The Future for European Venture: Challenges and Opportunities

Given the current European venture landscape, the road to recovery is paved with both challenges and opportunities. The major challenges appear to be twofold: Firstly, the inflated market and changing investor sentiment, particularly as late-stage deal activity is showing a significant decrease. Secondly, the lack of megafunds within the asset class, which can skew investment totals and make it challenging for startups to secure crucial funding.

On the other hand, growth opportunities are emerging, especially in the form of technological advancements. Most notably, the integration of Artificial Intelligence (AI) presents a significant driving force for the future. The report acknowledges that five out of the top ten deals of Q3 2023 were cleantech deals, emphasizing the increasing investor commitment to clean energy and artificial intelligence applications. This suggests that tech-focused sectors are areas of interest and potential investment for venture capitalists.

Lastly, geographical trends offer another clue to the European venture's future.

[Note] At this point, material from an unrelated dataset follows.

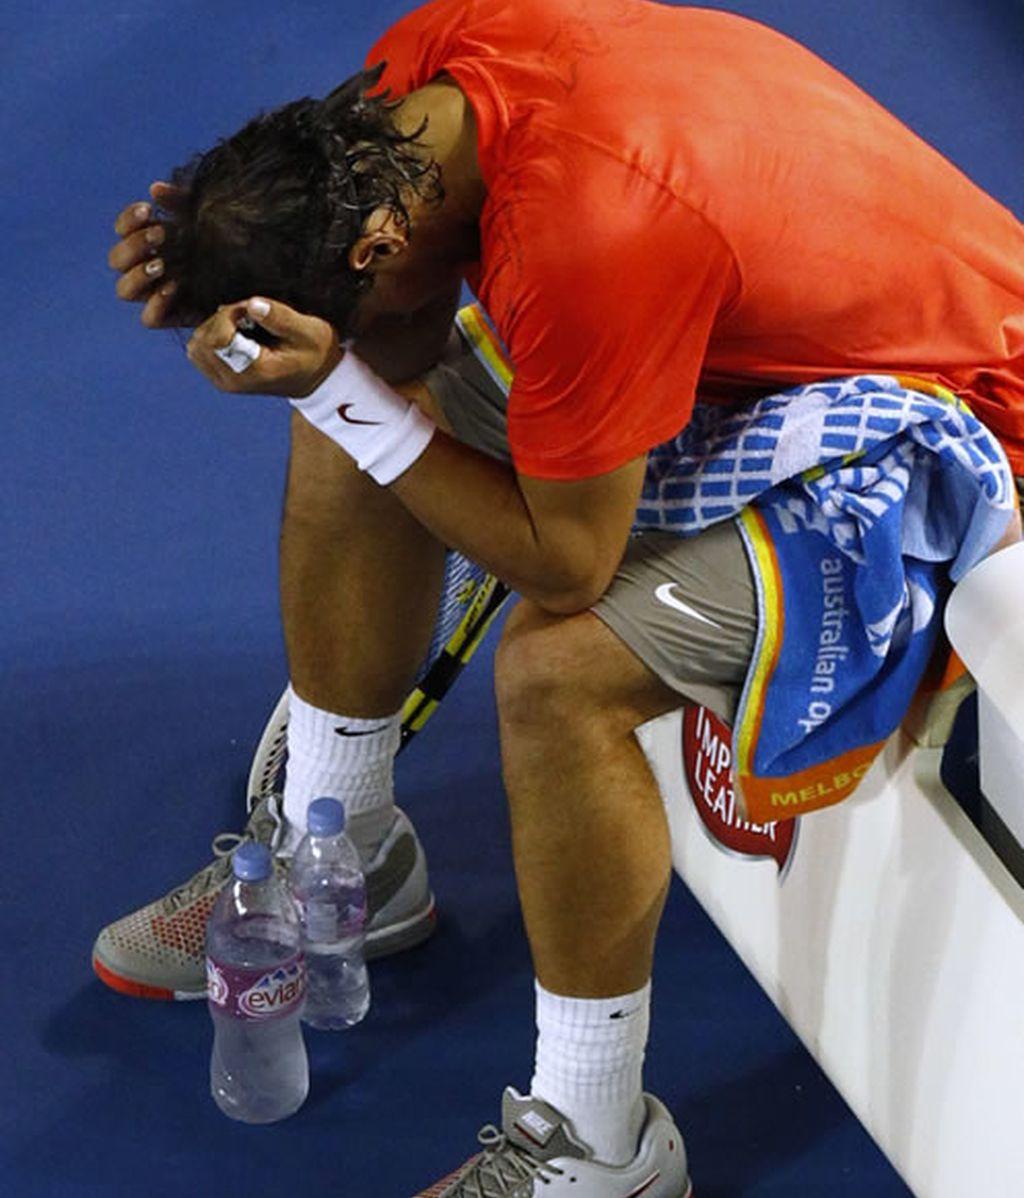 Nadal se lesionó durante su partido con Ferrer
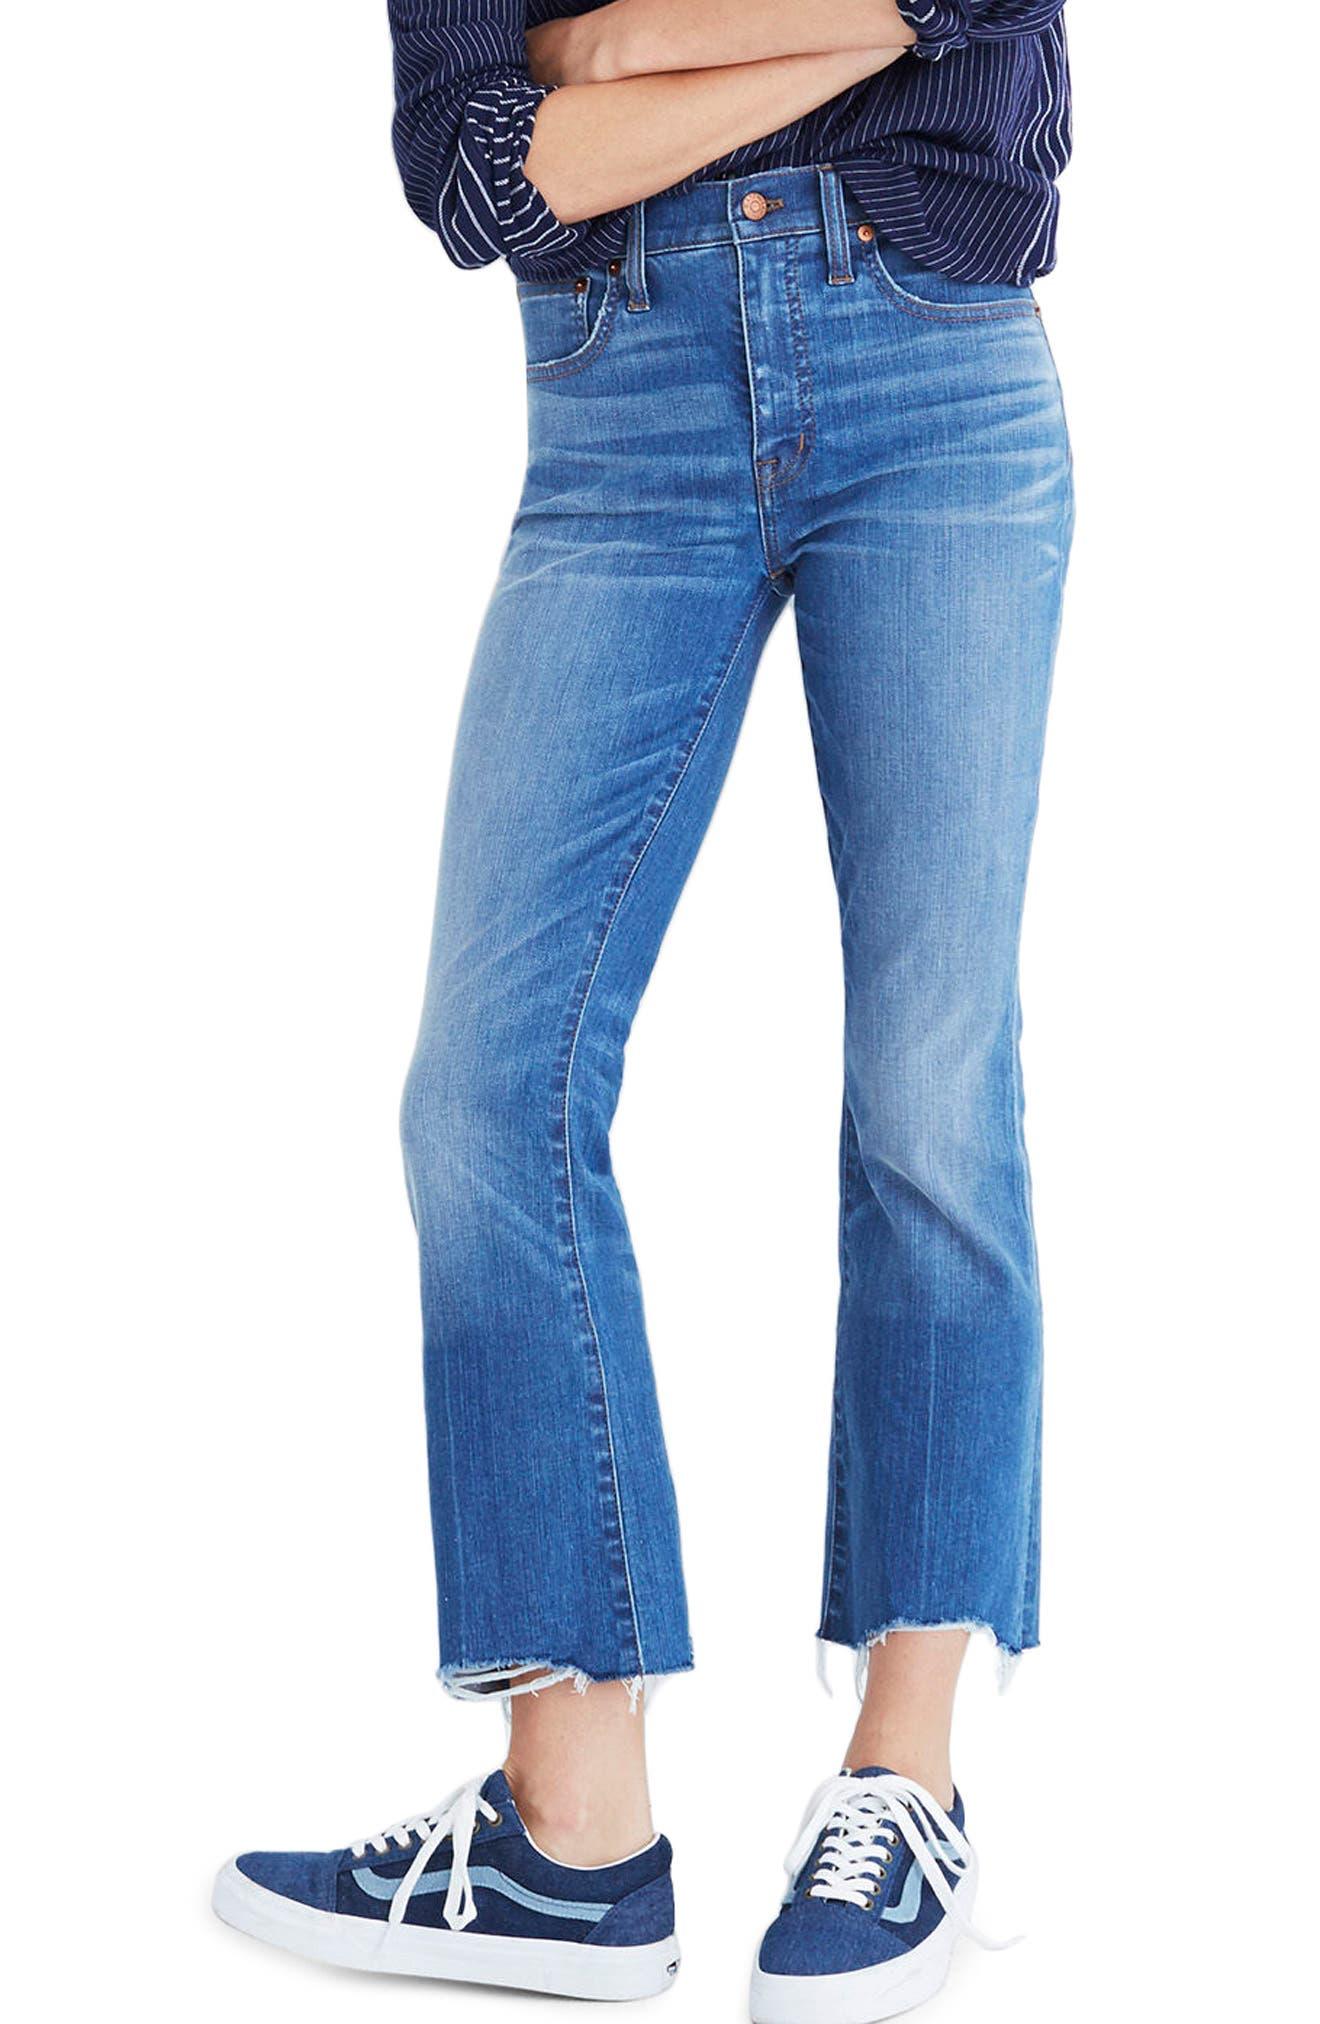 Cali Demi Boot Jeans,                         Main,                         color, Haywood Wash

The impressive resilience shown by France and Benelux, which now attract the significant share of capital raised, demonstrates the potential of these regions. Ultimately, it’s clear that while the European venture market weathers a period of contraction in the short-term, it is simultaneously sowing the seeds for regrowth. The resilience of early-stage deal activity, the emerging technological opportunities, and the shift towards newer areas all suggest that while the journey ahead might be challenging, the future holds a wealth of opportunities for those ready to seize them.


Despite a decrease in European venture investment compared to previous years, there are signs of recovery in the startup ecosystem. Early-stage deal activity has been increasing, particularly in sectors like cleantech and AI technologies. Commercial services and certain regions, such as France and Benelux, have shown resilience. While public listings and buyouts have seen declines, acquisitions continue to dominate exits. Although fundraising has decreased overall, there has been a gradual upswing, particularly in H2 2023. The challenges include an inflated market and changing investor sentiment, while opportunities lie in technological advancements, especially in AI integration. France and Benelux show potential for future investment. Overall, the European venture market may be experiencing a temporary contraction, but it is poised for growth in the future.